→ Work instructions
Skip the pictures and write out, word for word, the lines below from the one with "The Best Classic" through the one with "Wed'ze Snowboard- en", inclusive.

→ Dataset records
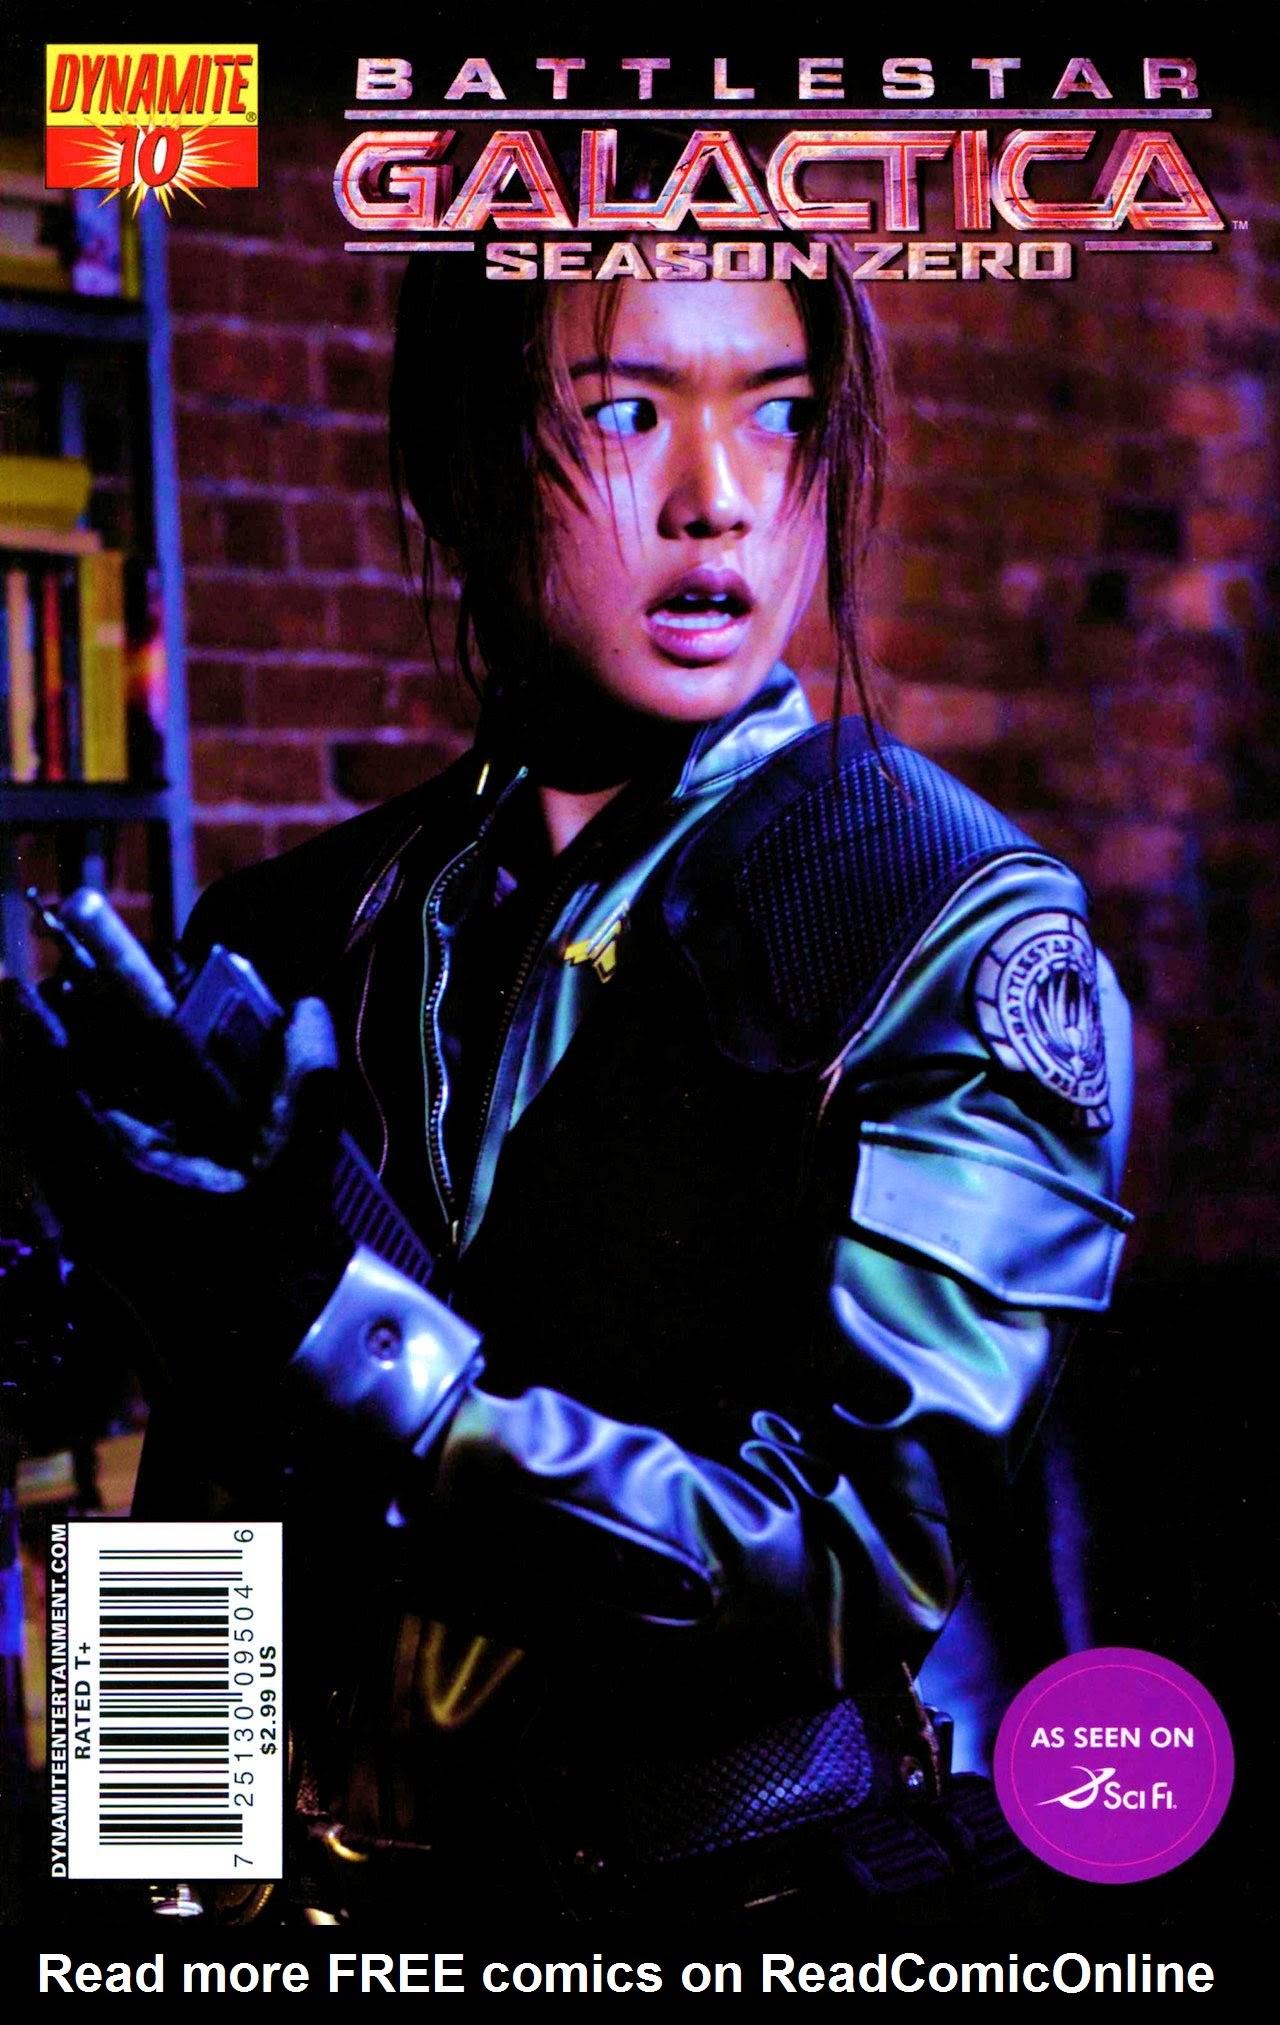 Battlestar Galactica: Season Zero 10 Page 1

* * *

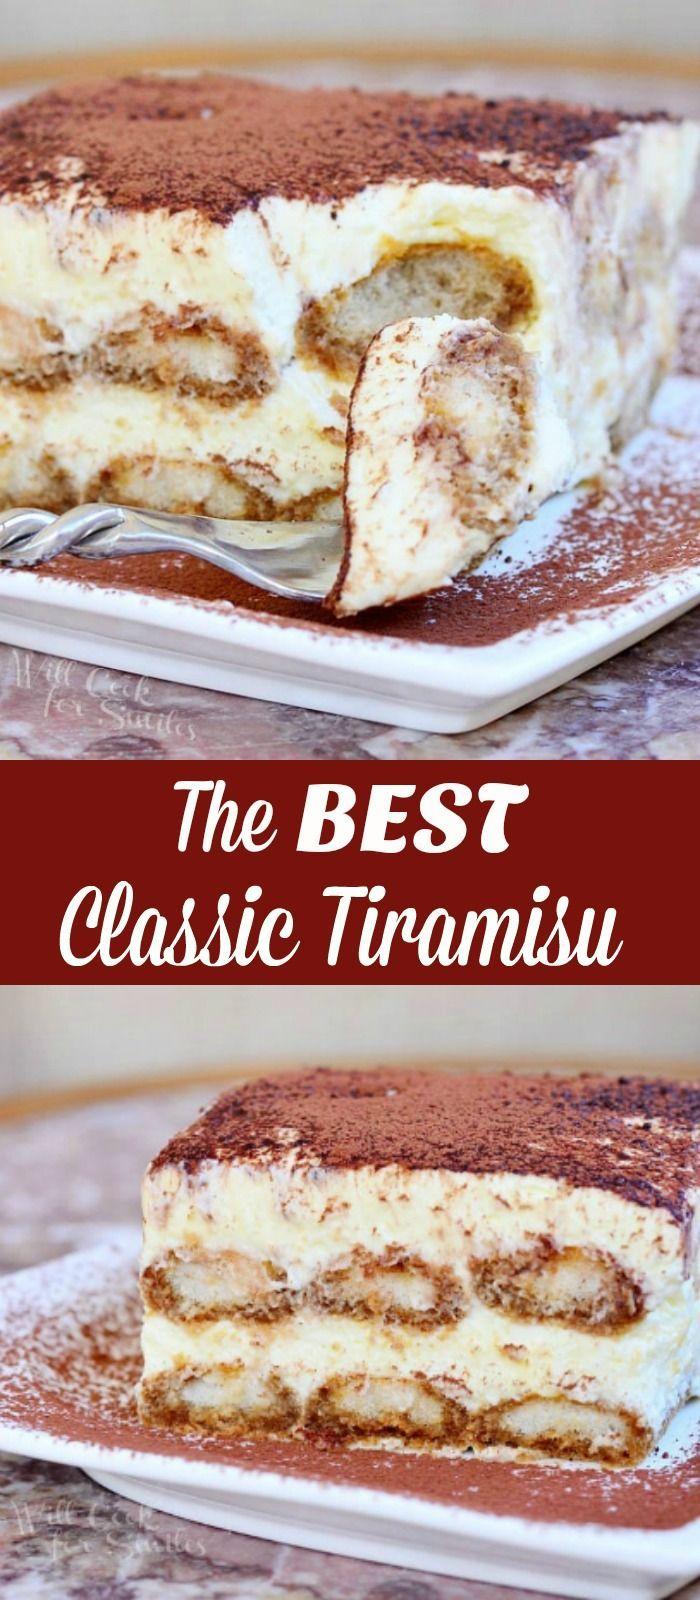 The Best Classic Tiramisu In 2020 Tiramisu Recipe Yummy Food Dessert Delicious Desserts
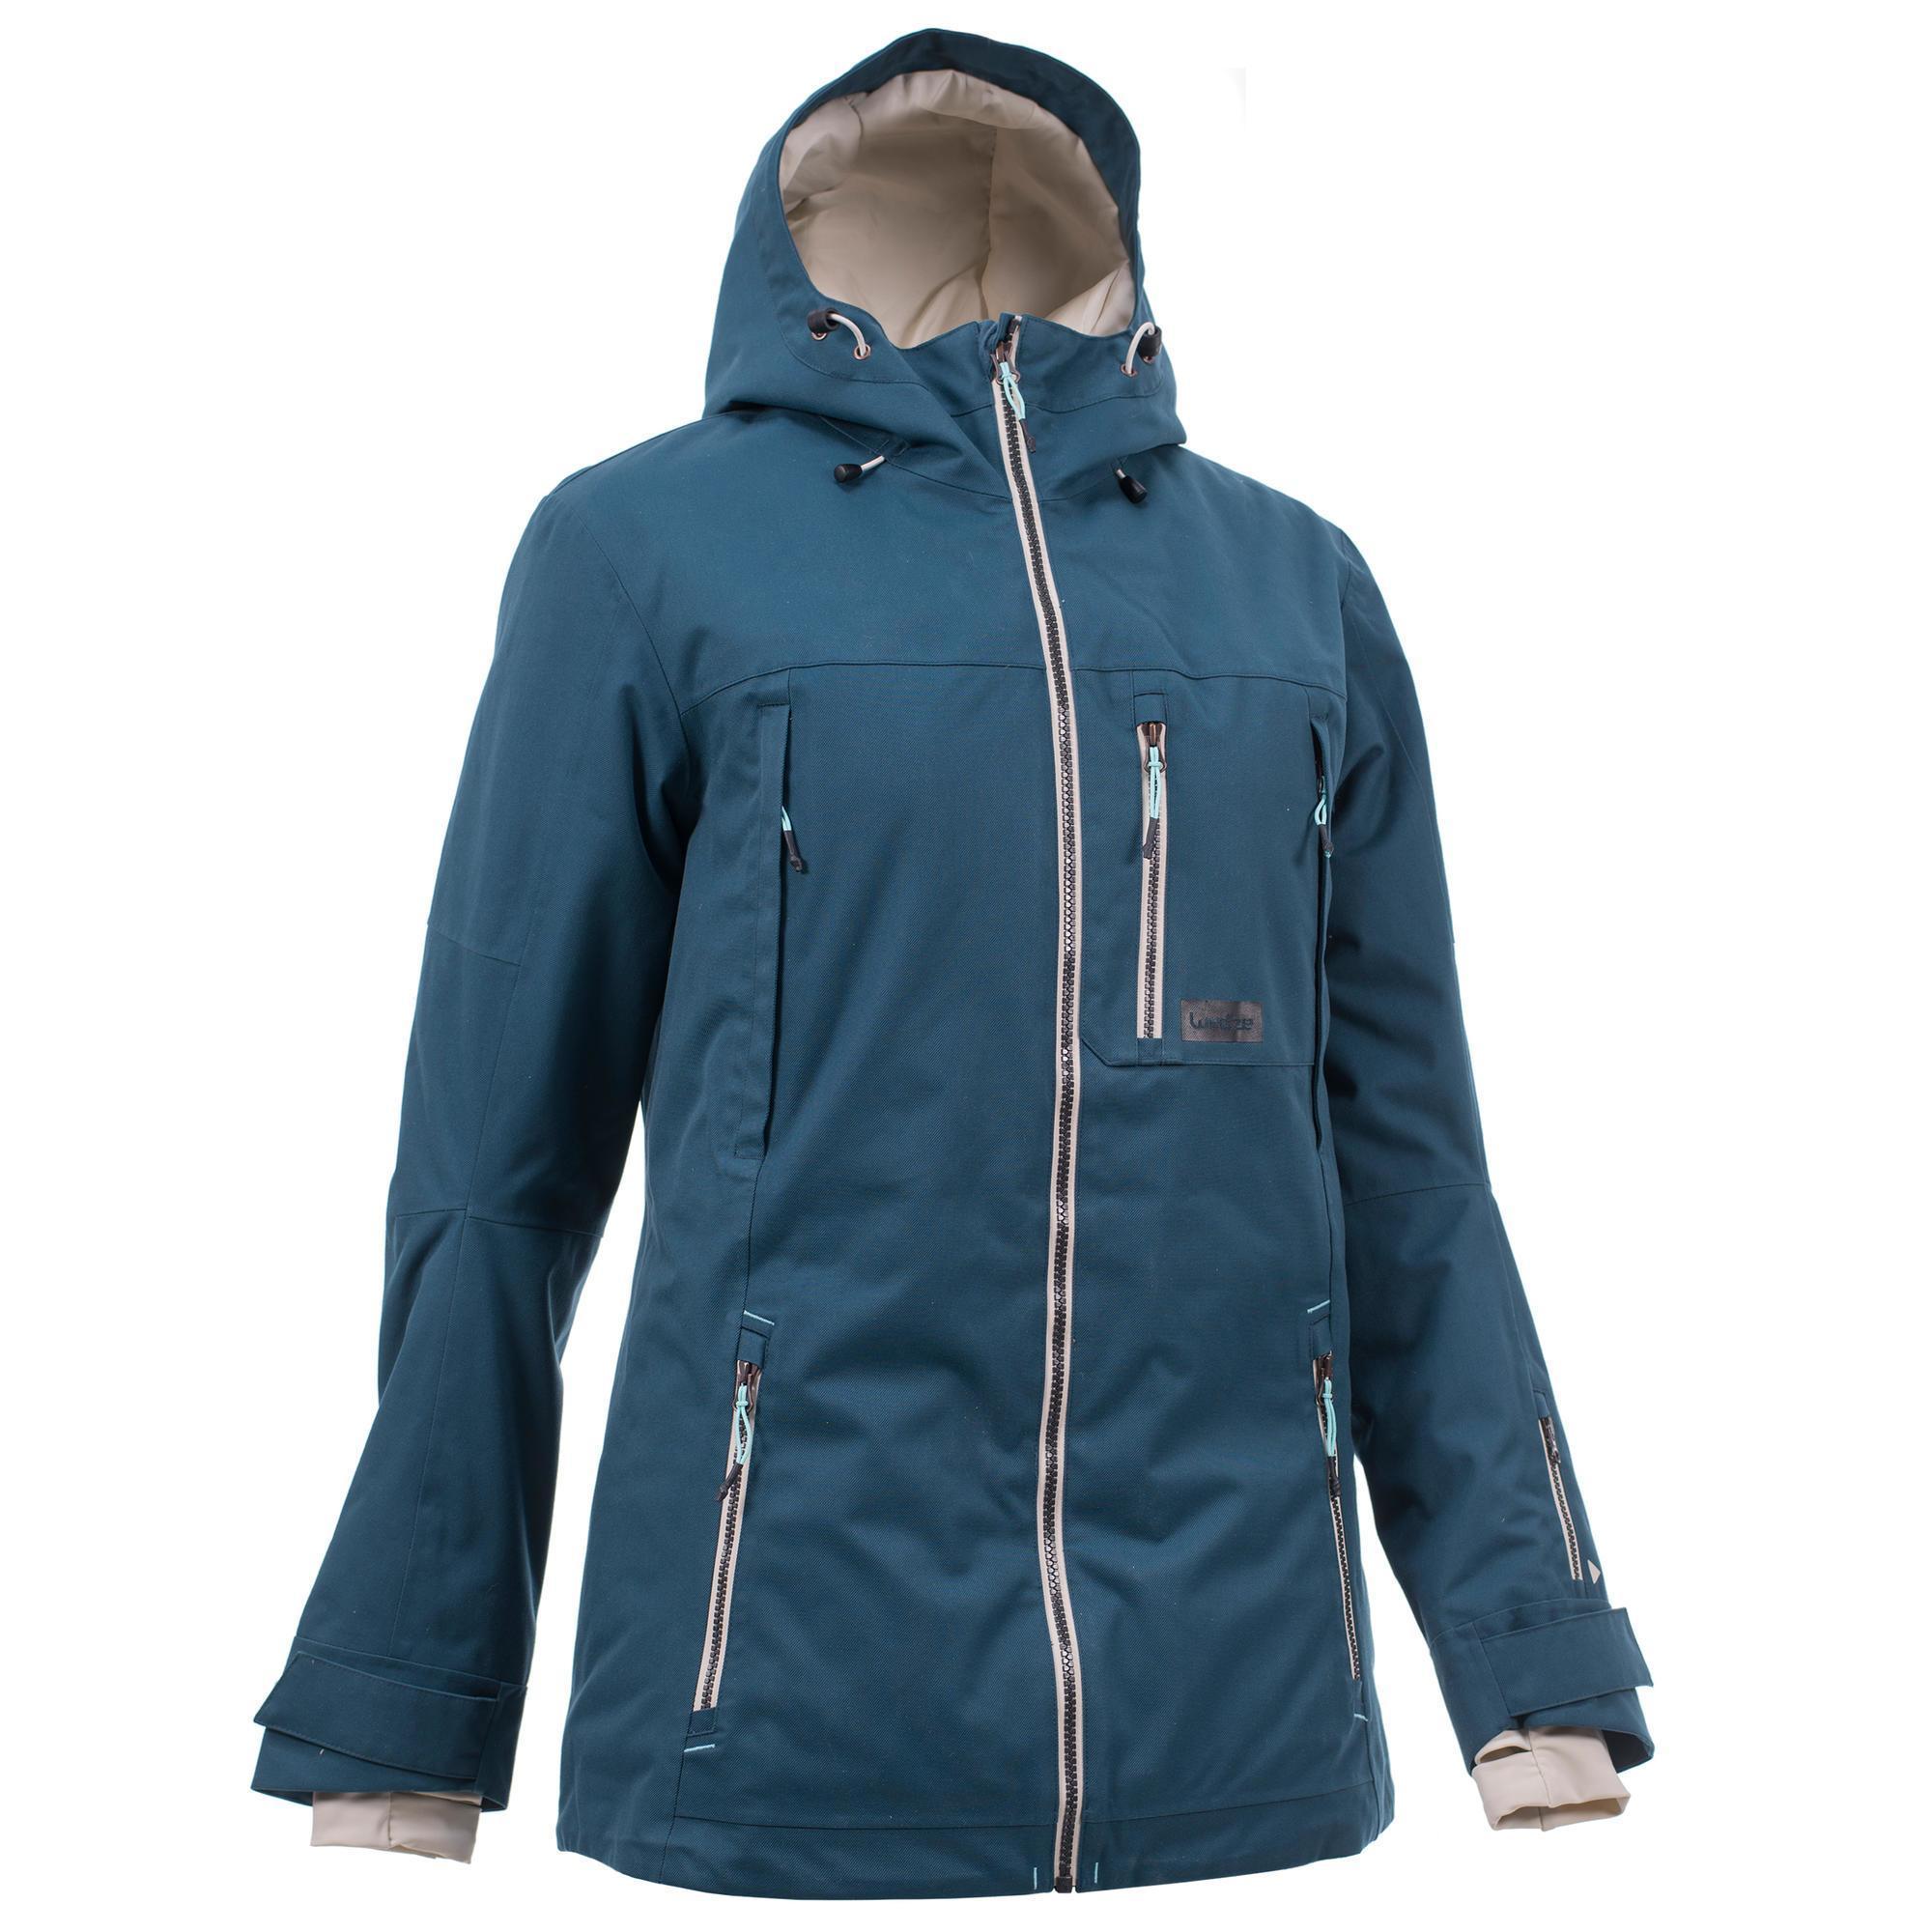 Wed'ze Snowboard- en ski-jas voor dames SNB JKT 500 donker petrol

--

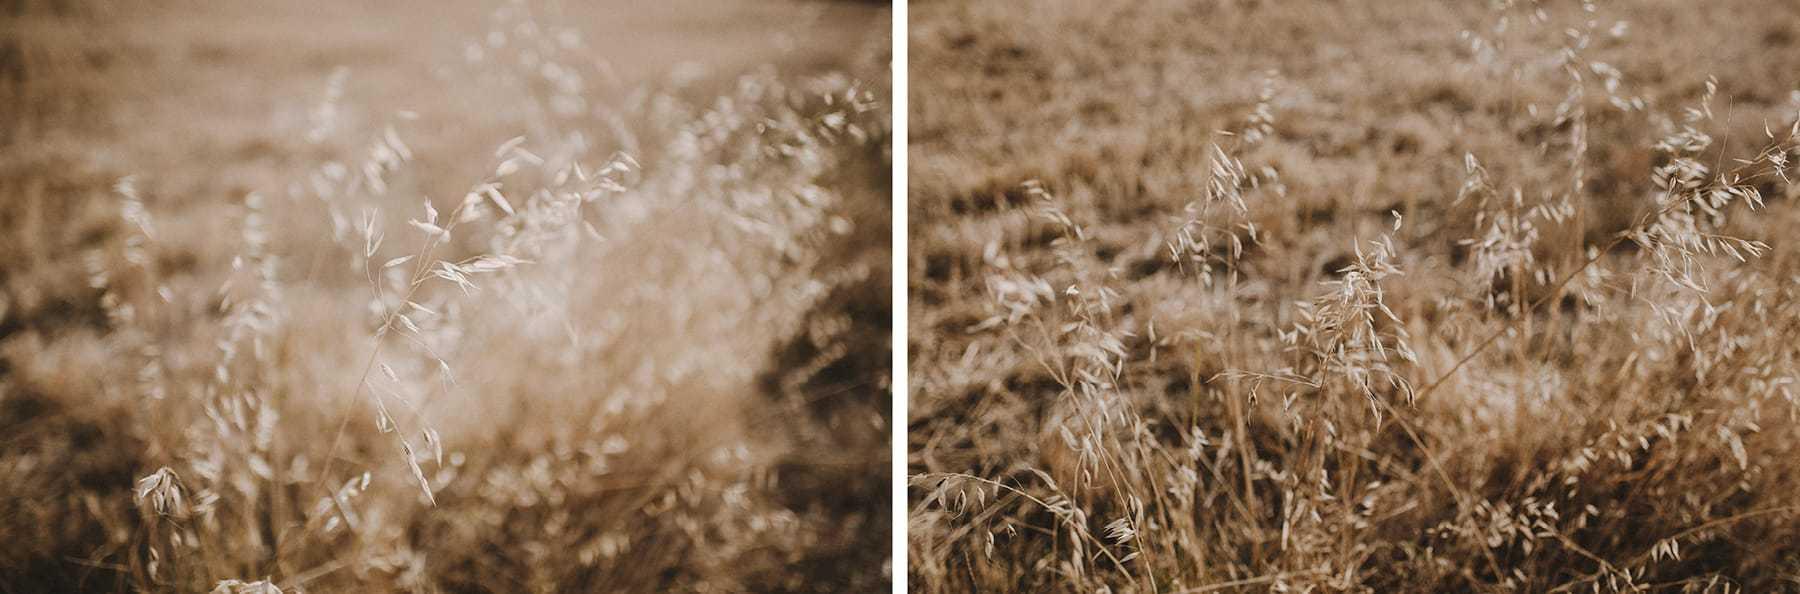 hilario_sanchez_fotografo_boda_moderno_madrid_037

→ Answer section
 The Best Classic Tiramisu In 2020 Tiramisu Recipe Yummy Food Dessert Delicious Desserts
 Wed'ze Snowboard- en ski-jas voor dames SNB JKT 500 donker petrol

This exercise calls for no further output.